● TRY IT
A verbatim repetition of the data below is requested, without images.

● SOURCE MATERIAL
+ + + + +

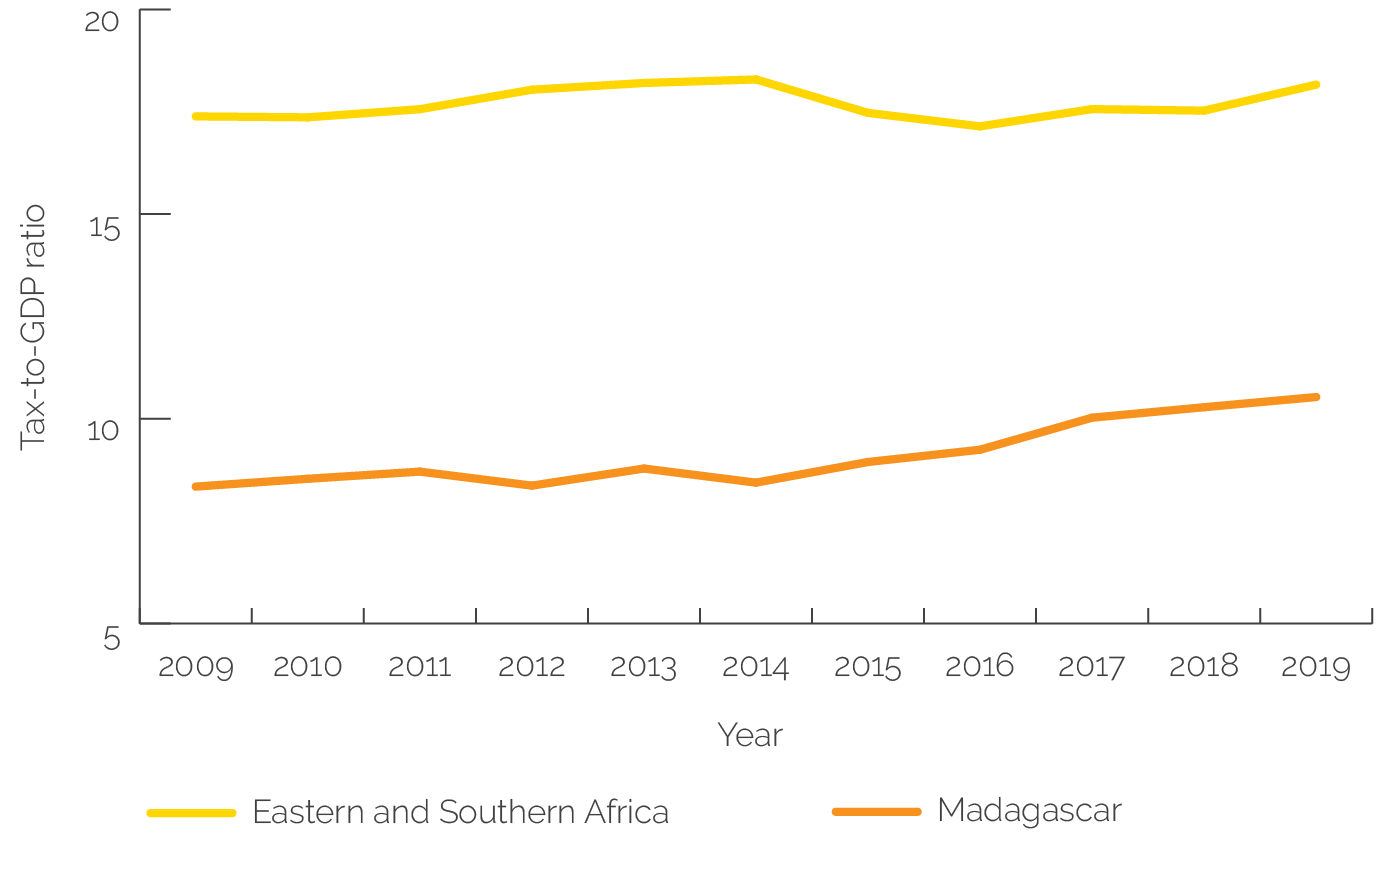 A line graph comparing Madagascar’s relatively low tax-to-GDP ratio over time with that of Eastern and Southern Africa.
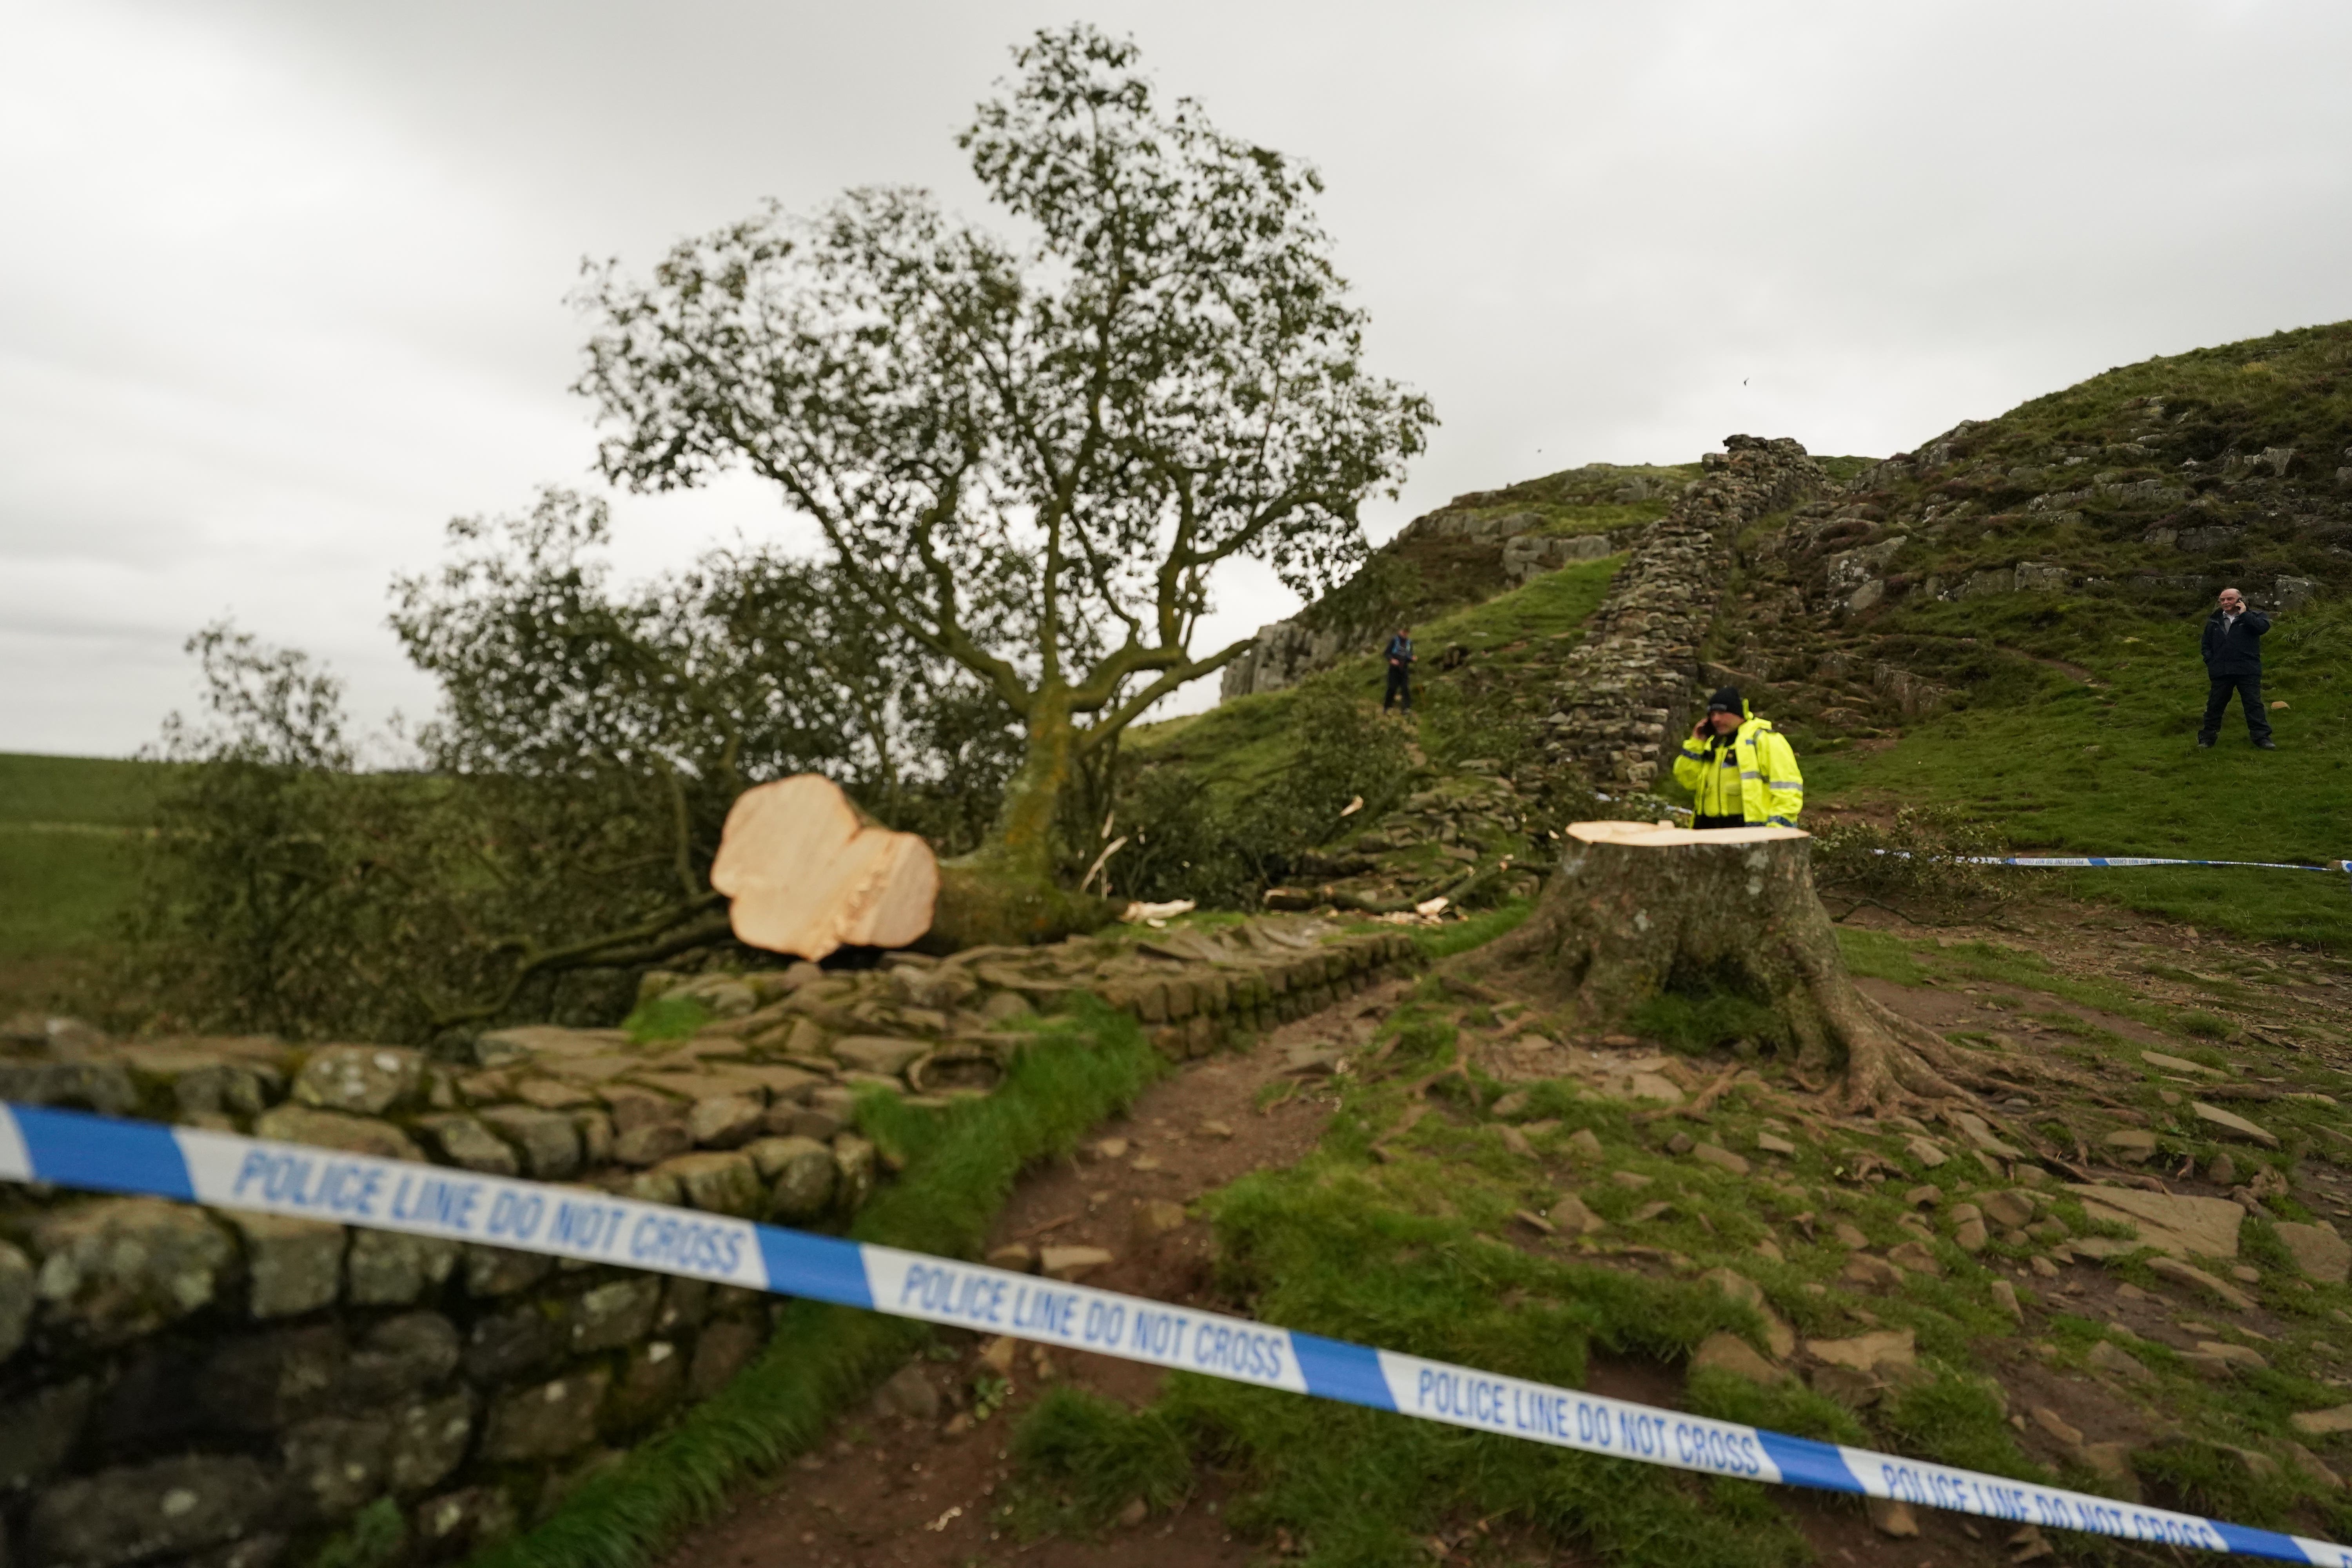 Police investigations are continuing into how the famous tree at Sycamore Gap came to be felled (Owen Humphreys/PA)
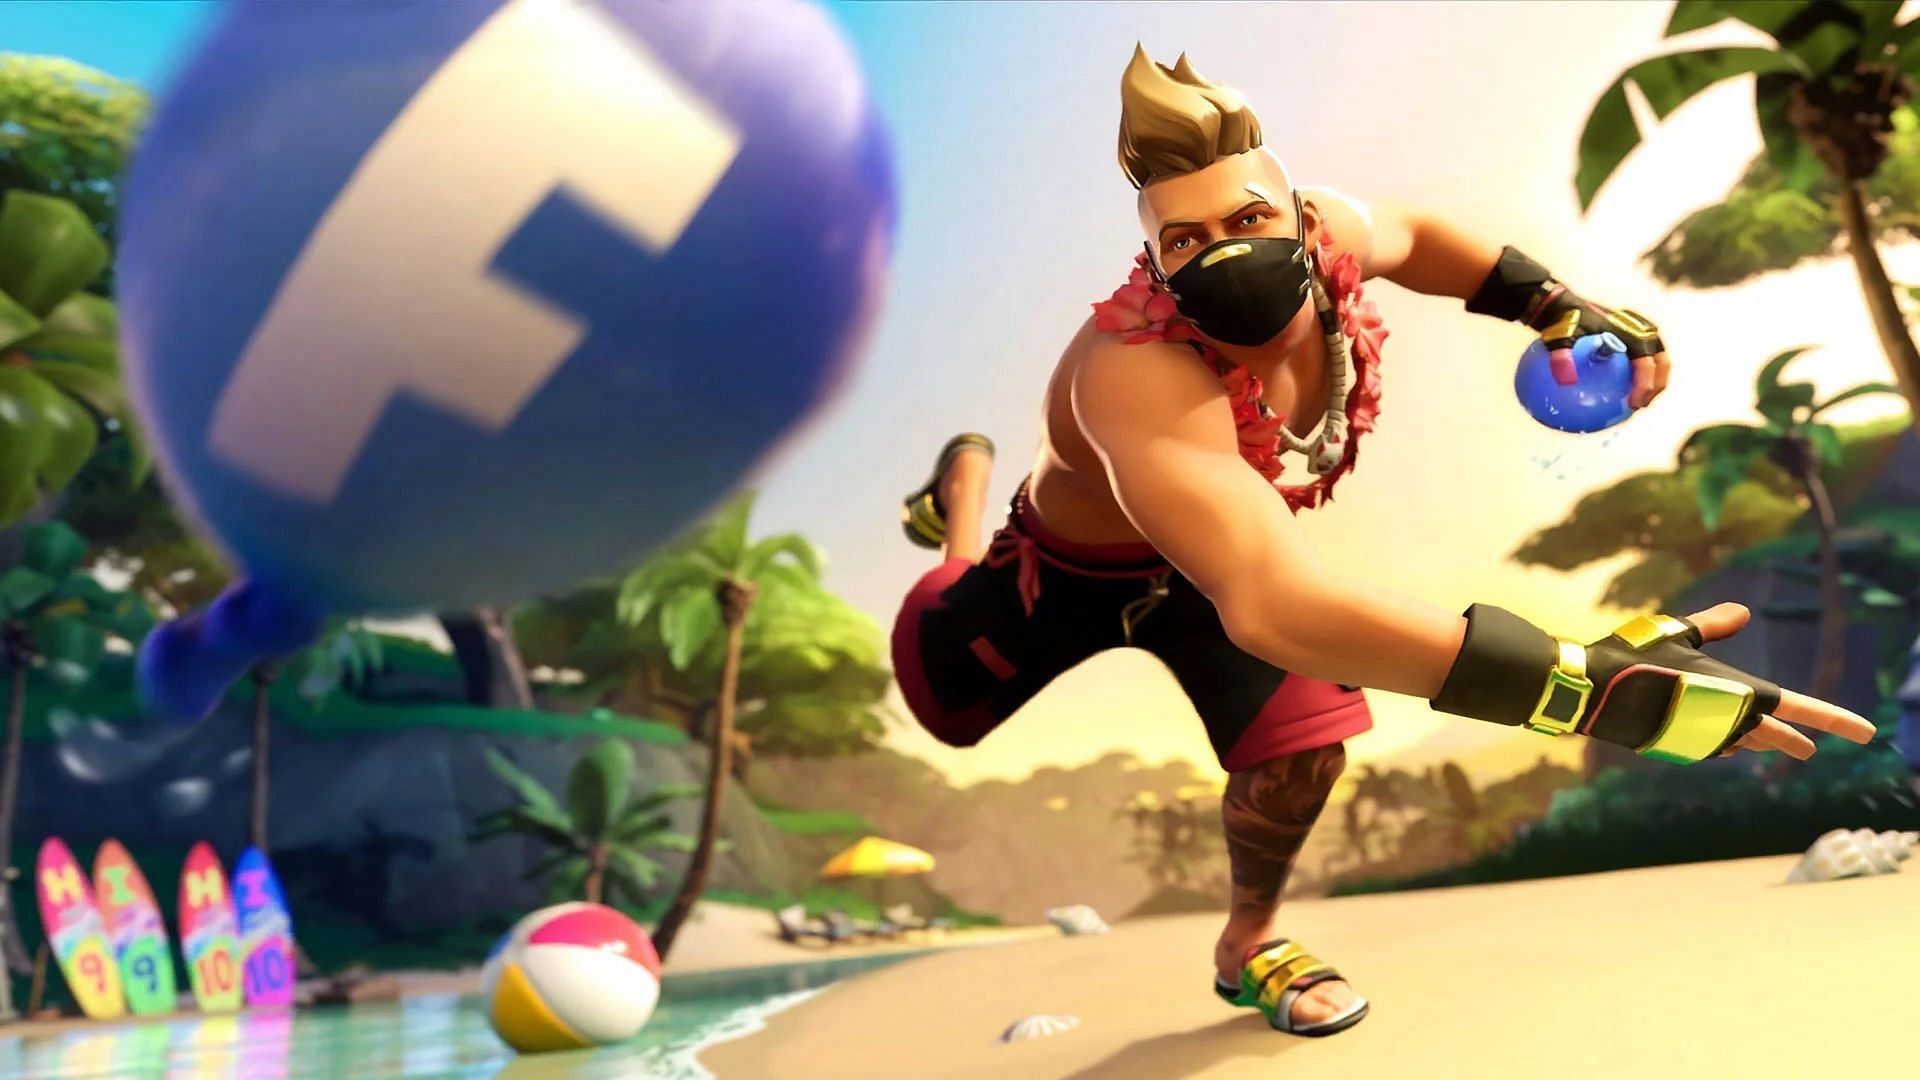 Epic Games has released numerous Fortnite Summer Quests so far in 2022 (Image via Epic Games)

+ + + + +

● RESULT FOR THIS EXERCISE
 A line graph comparing Madagascar’s relatively low tax-to-GDP ratio over time with that of Eastern and Southern Africa.
 Police investigations are continuing into how the famous tree at Sycamore Gap came to be felled (Owen Humphreys/PA)
 Epic Games has released numerous Fortnite Summer Quests so far in 2022 (Image via Epic Games)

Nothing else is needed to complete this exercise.